Set down every entry again word for word, please, but skip the pictures.

++++++

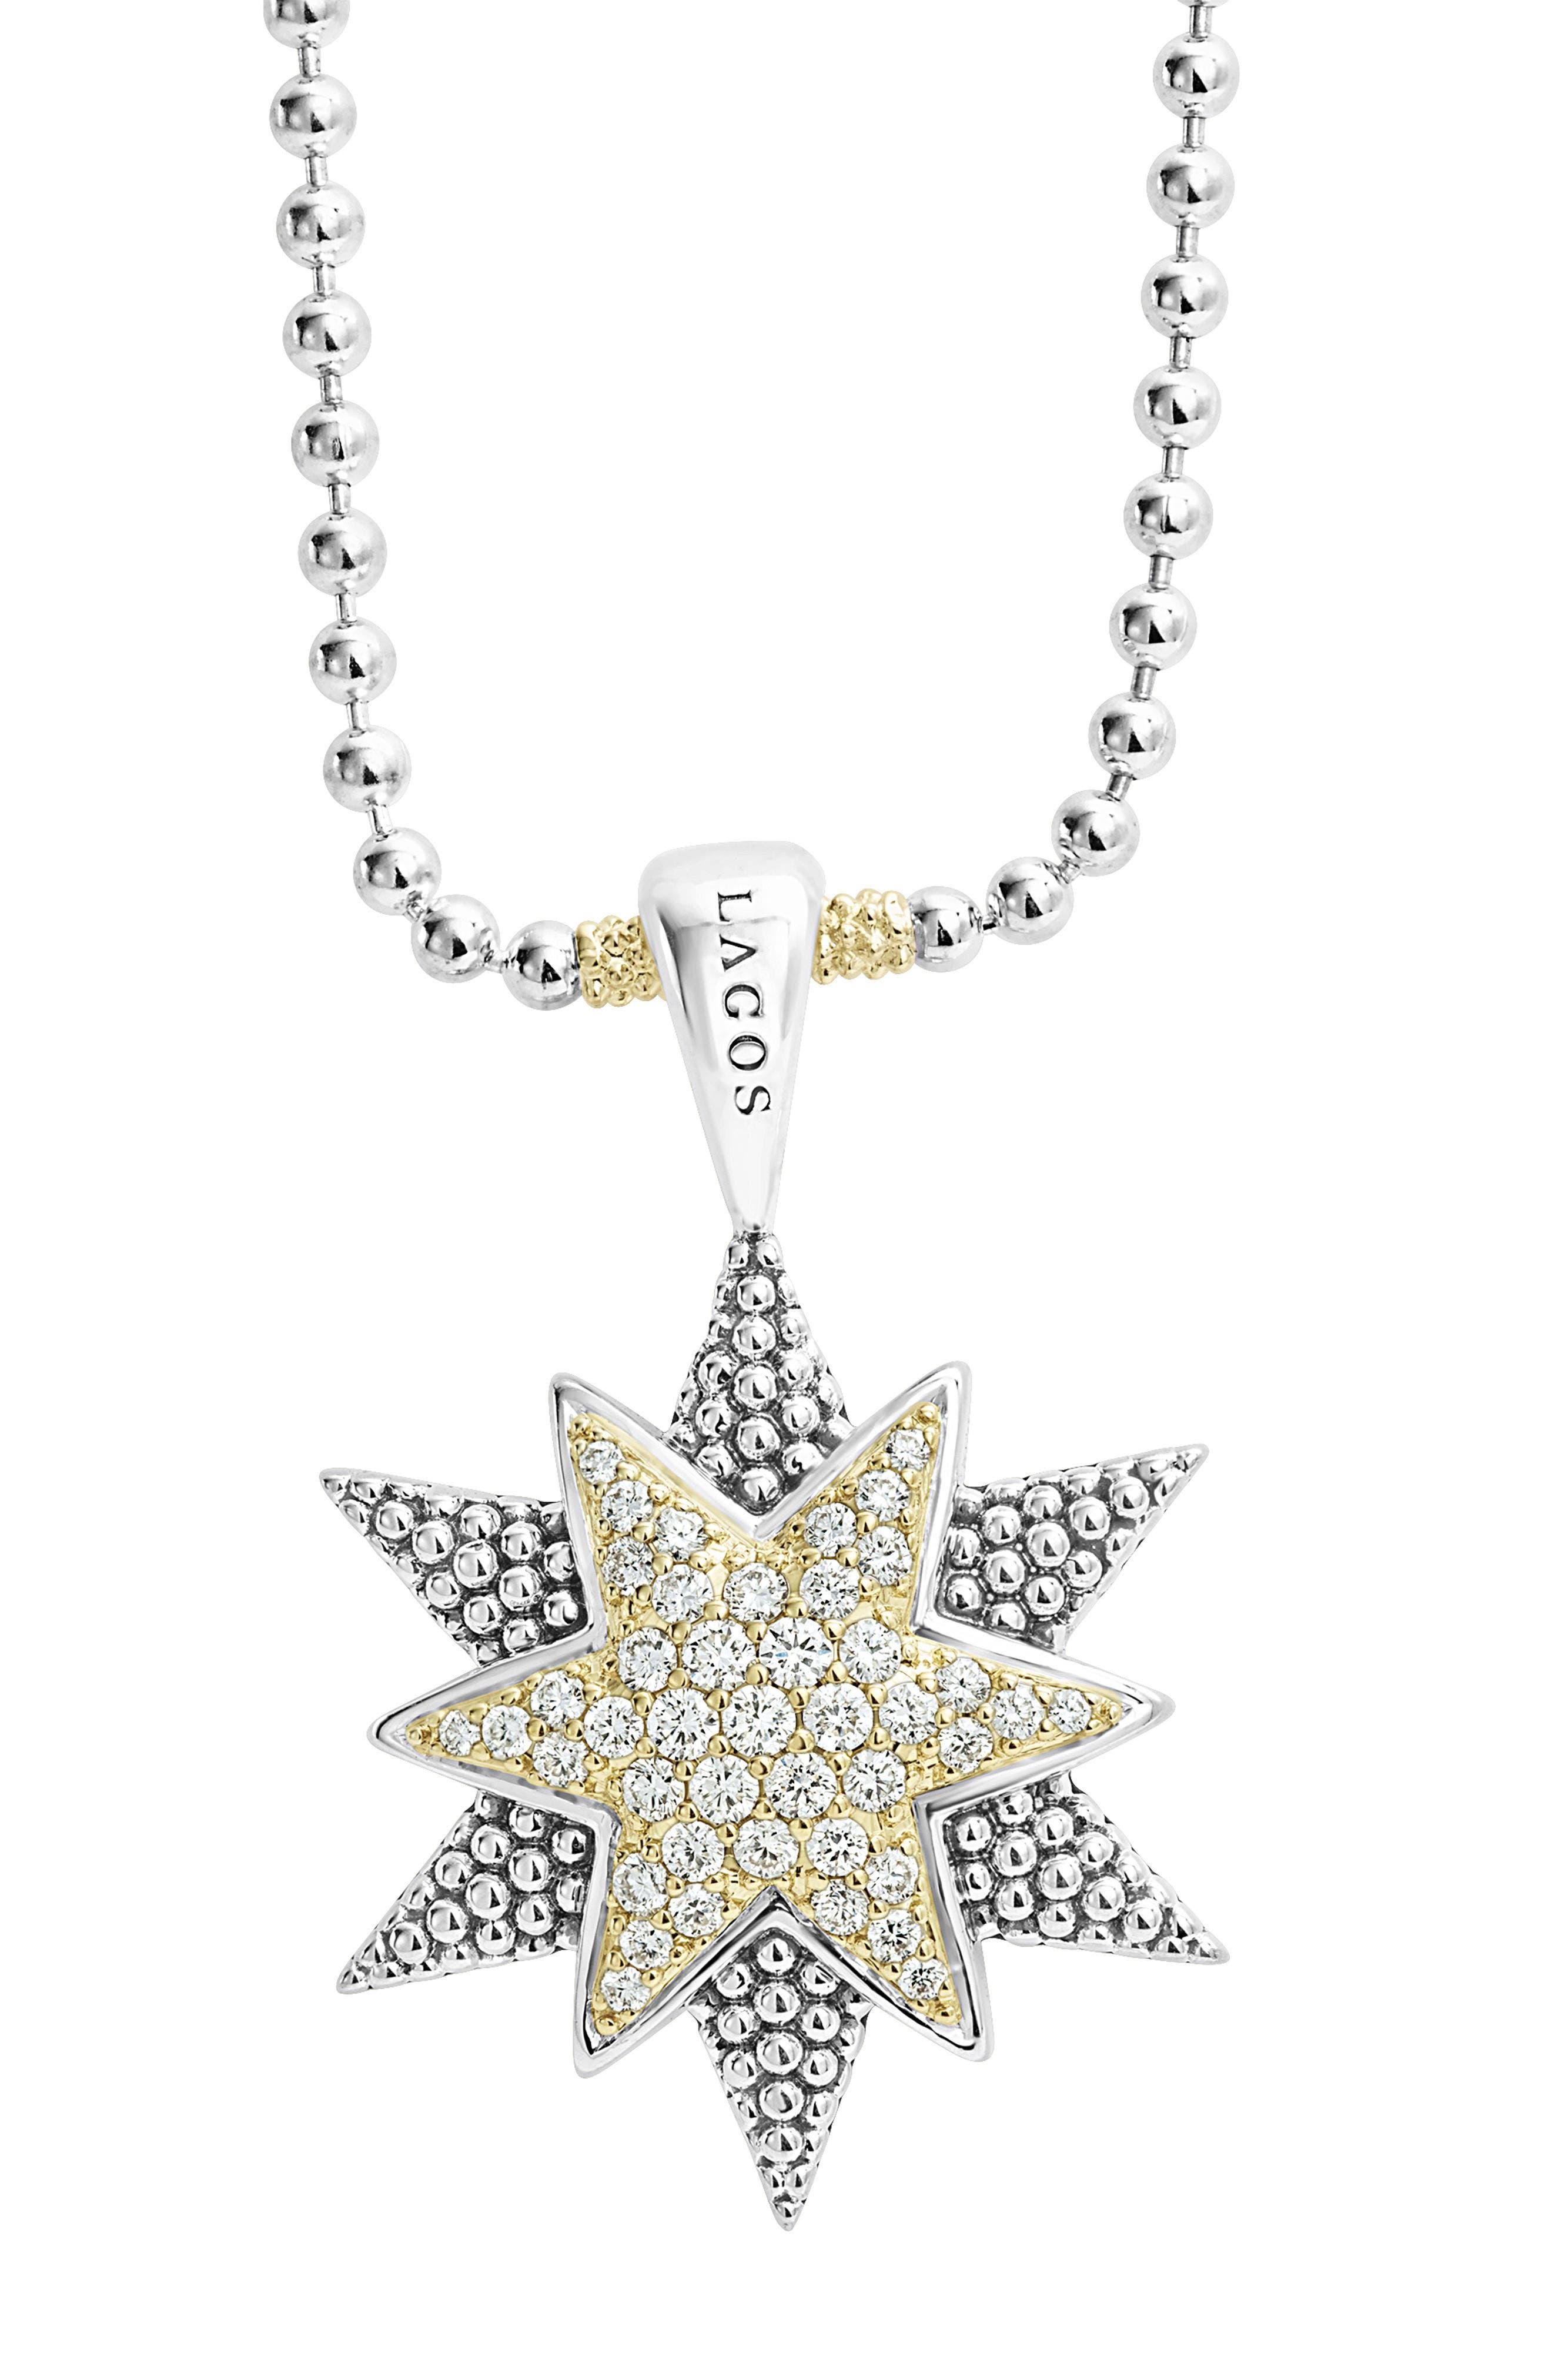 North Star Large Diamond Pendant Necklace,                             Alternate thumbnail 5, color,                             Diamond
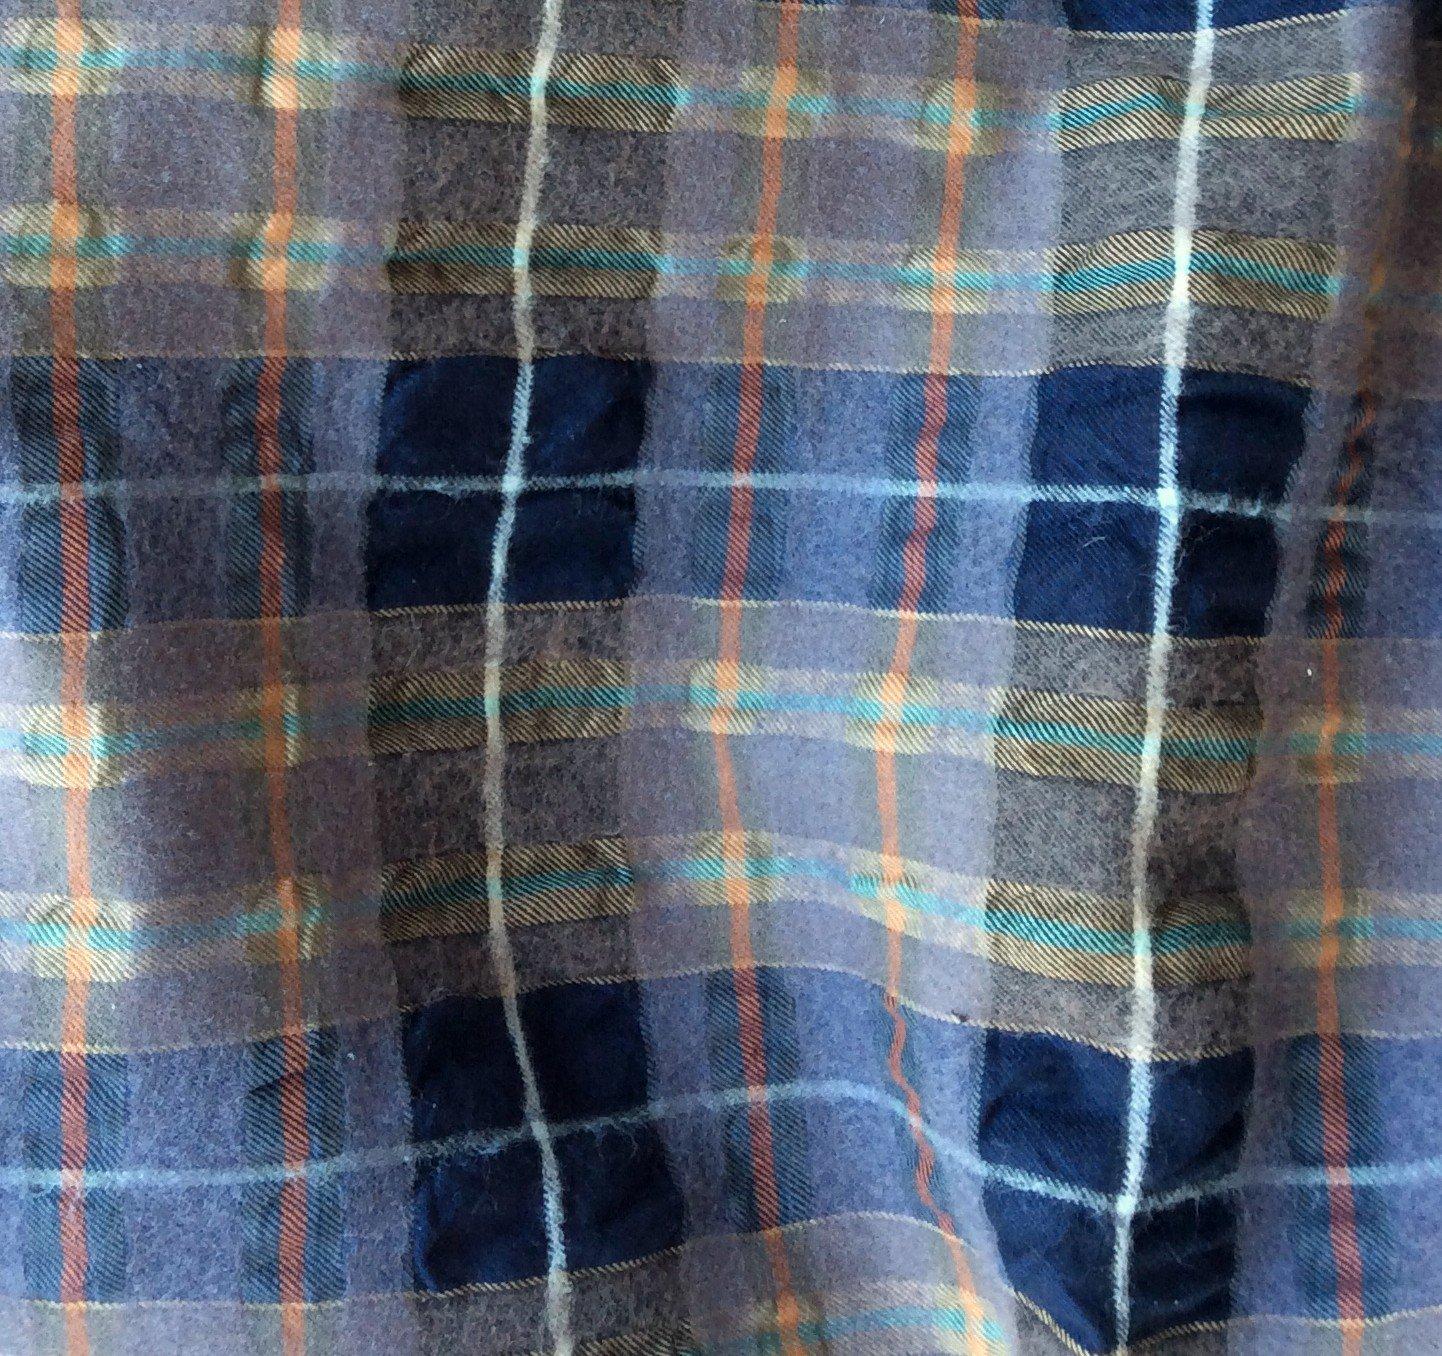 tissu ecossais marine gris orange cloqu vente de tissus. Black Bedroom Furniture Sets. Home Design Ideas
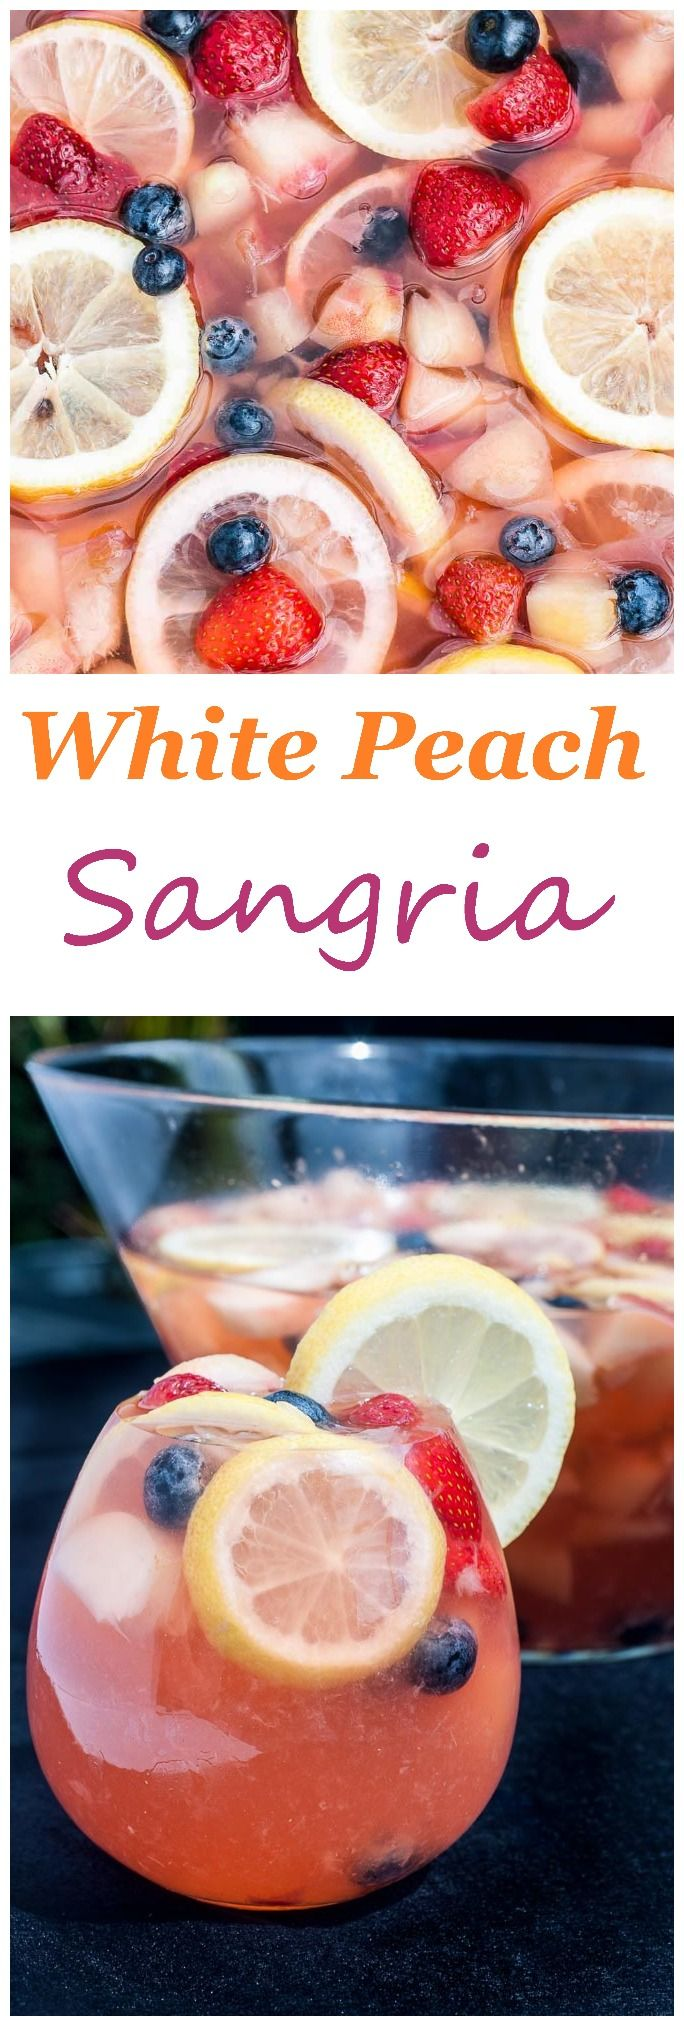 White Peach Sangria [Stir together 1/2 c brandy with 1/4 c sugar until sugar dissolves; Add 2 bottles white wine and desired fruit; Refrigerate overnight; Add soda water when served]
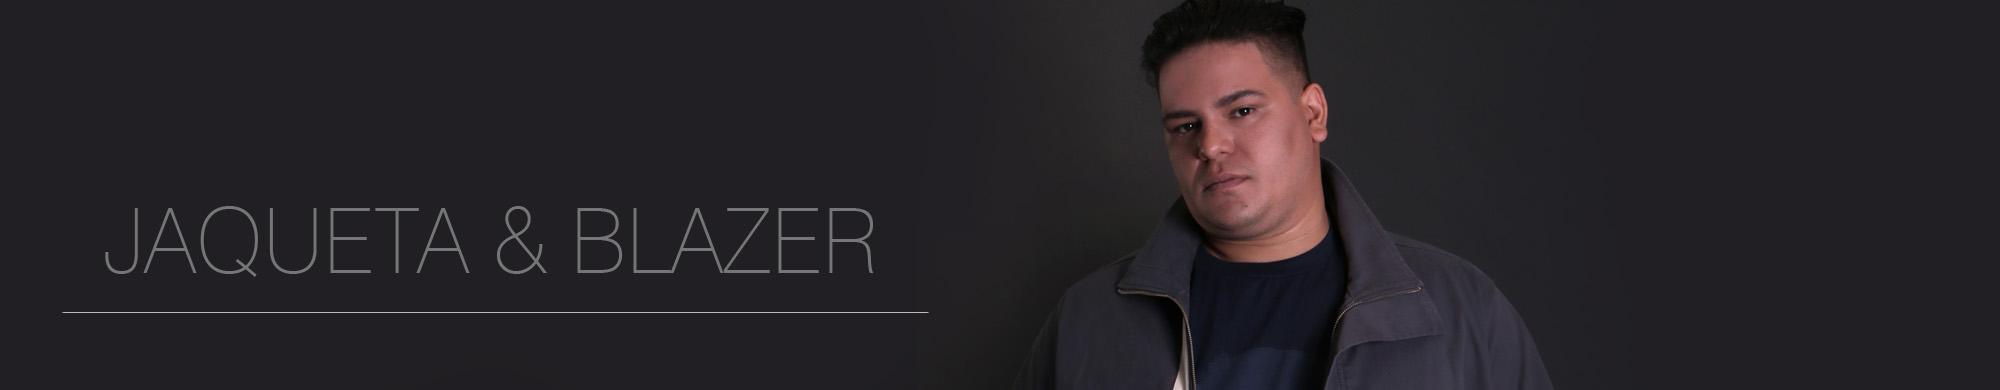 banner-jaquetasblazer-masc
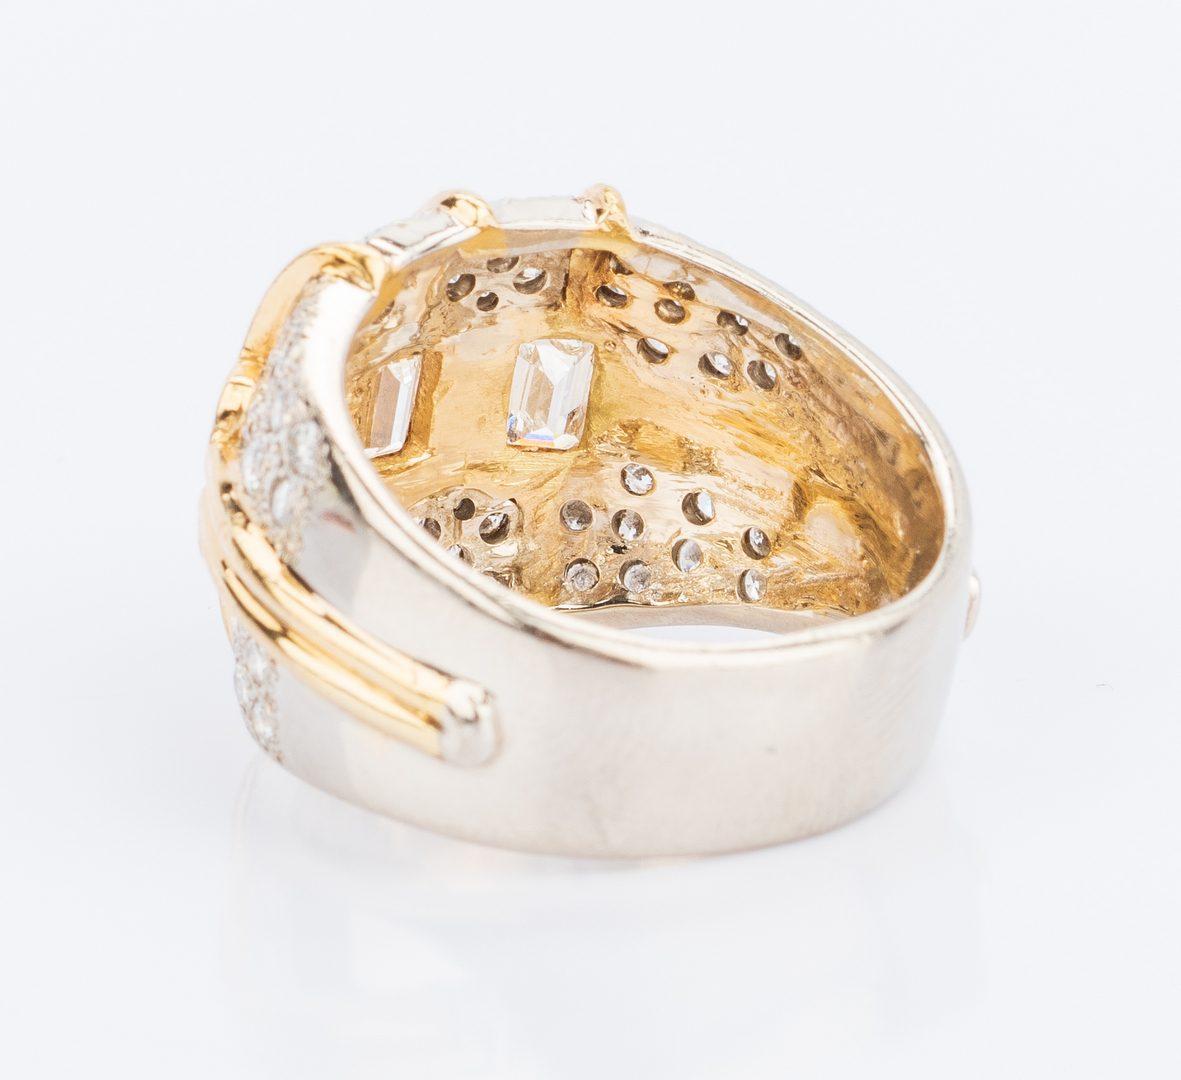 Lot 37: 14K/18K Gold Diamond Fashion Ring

++++++

* **RESULT**
 North Star Large Diamond Pendant Necklace,                             Alternate thumbnail 5, color,                             Diamond
 tissu ecossais marine gris orange cloqu vente de tissus. Black Bedroom Furniture Sets. Home Design Ideas
 White Peach Sangria [Stir together 1/2 c brandy with 1/4 c sugar until sugar dissolves; Add 2 bottles white wine and desired fruit; Refrigerate overnight; Add soda water when served]
 banner-jaquetasblazer-masc
 Lot 37: 14K/18K Gold Diamond Fashion Ring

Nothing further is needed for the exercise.